Chances are you’re looking for a service that does it all. A warehouse, as you know, is a place where inventory or other items are stored until they need to be sent to their next destination. This could be a showroom, a retail store, a supplier, or the facility where the items will be used. Generally speaking, warehouses deal with retailers or wholesalers, but do not serve the public.
A distribution center does everything a warehouse does—and much more. Distribution may involve separating or assembling items, packing and shipping them, or breaking up bulk shipments into smaller shipments for multiple locations. In fact, a company with a distribution warehouse may handle some shipments without any warehousing at all. That’s because cross-docking or transloading can save money, staff, and time while getting inventory to its destination even faster. A distribution warehouse may serve the public as well as businesses, retailers, or wholesalers.
If you’re planning to contract a distribution warehouse to help with logistics, here are a few features you should seek:
- Flexibility. Ensure that you’re only charged for the space and services you’ll actually use. Cross-docking services can save you big on warehousing costs.

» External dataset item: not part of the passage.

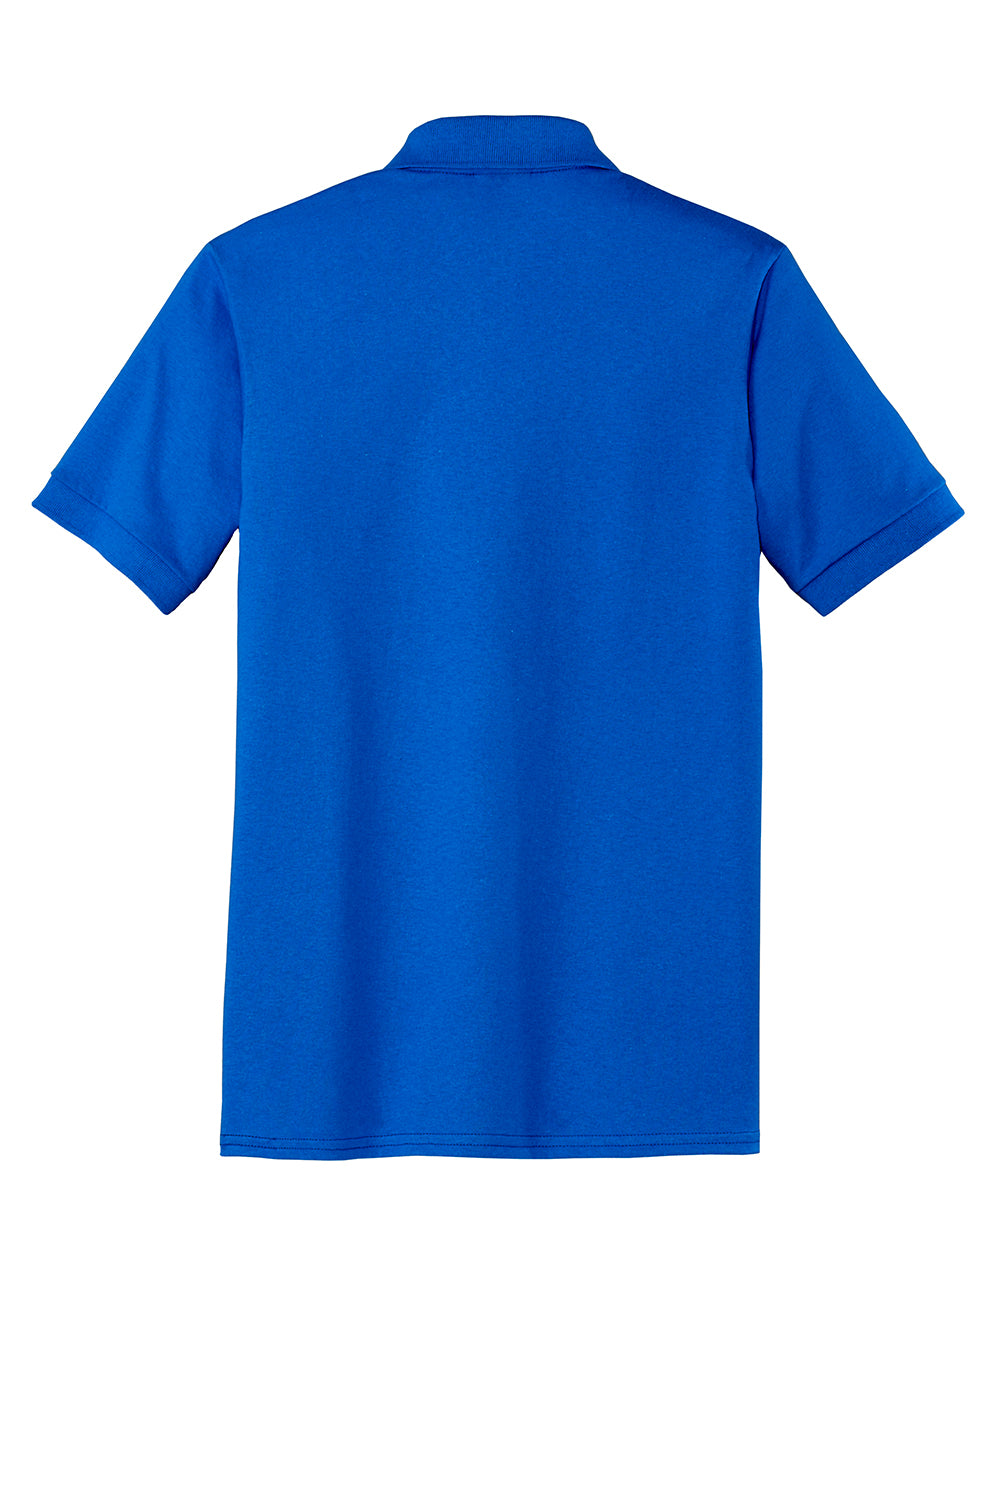 Port & Company KP55P Mens Core Stain Resistant Short Sleeve Polo Shirt w/ Pocket Royal Blue Flat Back

- Coverage. You don’t want to be on the very outskirts of the delivery area of the company you hire. Get a good idea of their areas of coverage before you sign.
- Services. Look carefully at each aspect of service so you know you’ll be saving money while still providing excellent service to your customers.
- Reviews. It’s true that in some cases, clients are more likely to leave negative reviews than positive. But reading reviews of any distribution warehouse you’re considering is a vital step. Many sites also let you ask follow-up questions.